One of the few consolations of last year's unrest in the wake of Freddie Gray's death was that at least Baltimore had the opportunity to set an example to the rest of the country when it was time to pick up the pieces. No matter what happened to the 25-year-old African American man before and after he was arrested and transported in a police van, it was clear that the city and its police department had failed on many levels — on that morning and for years before.
If the reforms pursued since that day — from body cameras on police officers to improved outreach between police and the city's most at-risk neighborhoods — didn't send a message to other cities that change was needed, surely the sobering report from the U.S. Department of Justice' Civil Rights Division must have. That the handful of police officers criminally charged in Gray's death were either found not guilty or had their charges subsequently dropped didn't negate the lesson to be learned from Baltimore: Communities that ignore a long history of racial disparity (both within and beyond the criminal justice system) set themselves up for future disaster.

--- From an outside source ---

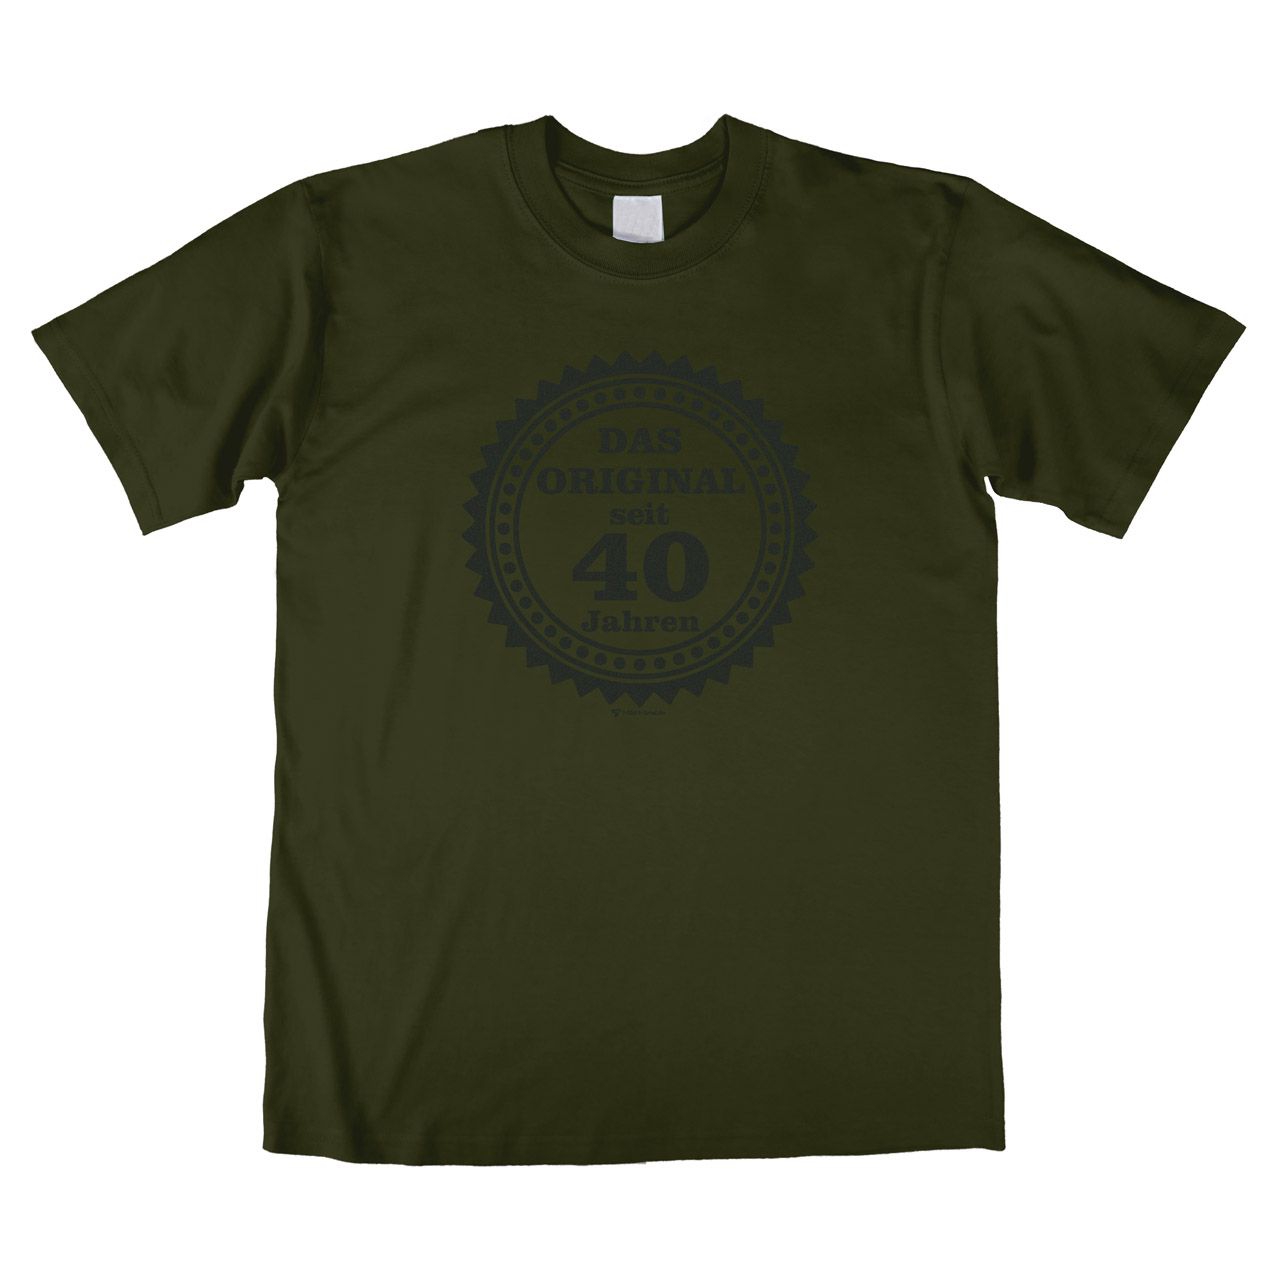 Original seit 40 Unisex T-Shirt khaki Large

And yet here we go again. The protests this week in Charlotte, N.C. over the police shooting death of 43-year-old Keith Lamont Scott came with a sickening sense of déjà vu. Sixteen police officers were injured Tuesday night as protesters clashed with authorities, setting fires and looting stores in some cases, in the wake of the death of an African-American man who police allege had a gun in his hand when they confronted him in an apartment building parking lot. That's an account disputed by others on social media, but a firearm was recovered by police.
The clash in Charlotte took place just four days after the death of Terrence Crutcher, 40, who was shot and killed by police in Tulsa, Okla. The victim, also African American, had been waiting for help by the side of the road after his SUV broke down. Police said the officer who fired had feared Mr. Crutcher was acting strangely and had failed to obey orders, yet video from the incident strongly suggests she and others had overreacted — the victim's hands were raised and he was walking toward his vehicle at the moment he was shot. Yet from this scant evidence he was labeled a "bad dude" by an officer speaking over the police radio from a circling police helicopter. That PCP was later recovered from his vehicle may prove irrelevant given his non-threatening behavior as documented on helicopter and dashboard videos.
Investigations into both incidents are ongoing, but the death of Terrence Crutcher appears the more egregious — he was an unarmed father of four and a college student. More might be known about the circumstances if officers had been wearing body cameras, but Tulsa has not yet issued them even though the city was awarded a $600,000 grant to do so last year.
It is ironic that in recent weeks the nation has been embroiled in an extended and often angry public debate over whether it's appropriate for a San Francisco 49ers quarterback to protest before NFL games by taking a knee when the national anthem is performed. What got lost was the point of Colin Kaepernick's protest — to draw attention to racial injustice. Agree or disagree with his methods, the latest shootings and accompanying uproar make clear that deadly encounters between police and African Americans remain a tragic and too-common experience in communities ill-equipped to either prevent them or deal with their aftermath.
That's not to suggest Baltimore has become some kind of shining example of racial harmony, social justice and police procedure in the 17 months since Freddie Gray's death. But at least the city has been fully engaged in the broad range of issues raised by the incident, from poverty and racism to the lack of economic opportunity and the need for improved civilian oversight of police. Was Tulsa already grappling with these same issues? Was Charlotte? If there are communities across the country that paid scant attention to what happened in Baltimore or Ferguson last year, let this week's events be your second wake-up call.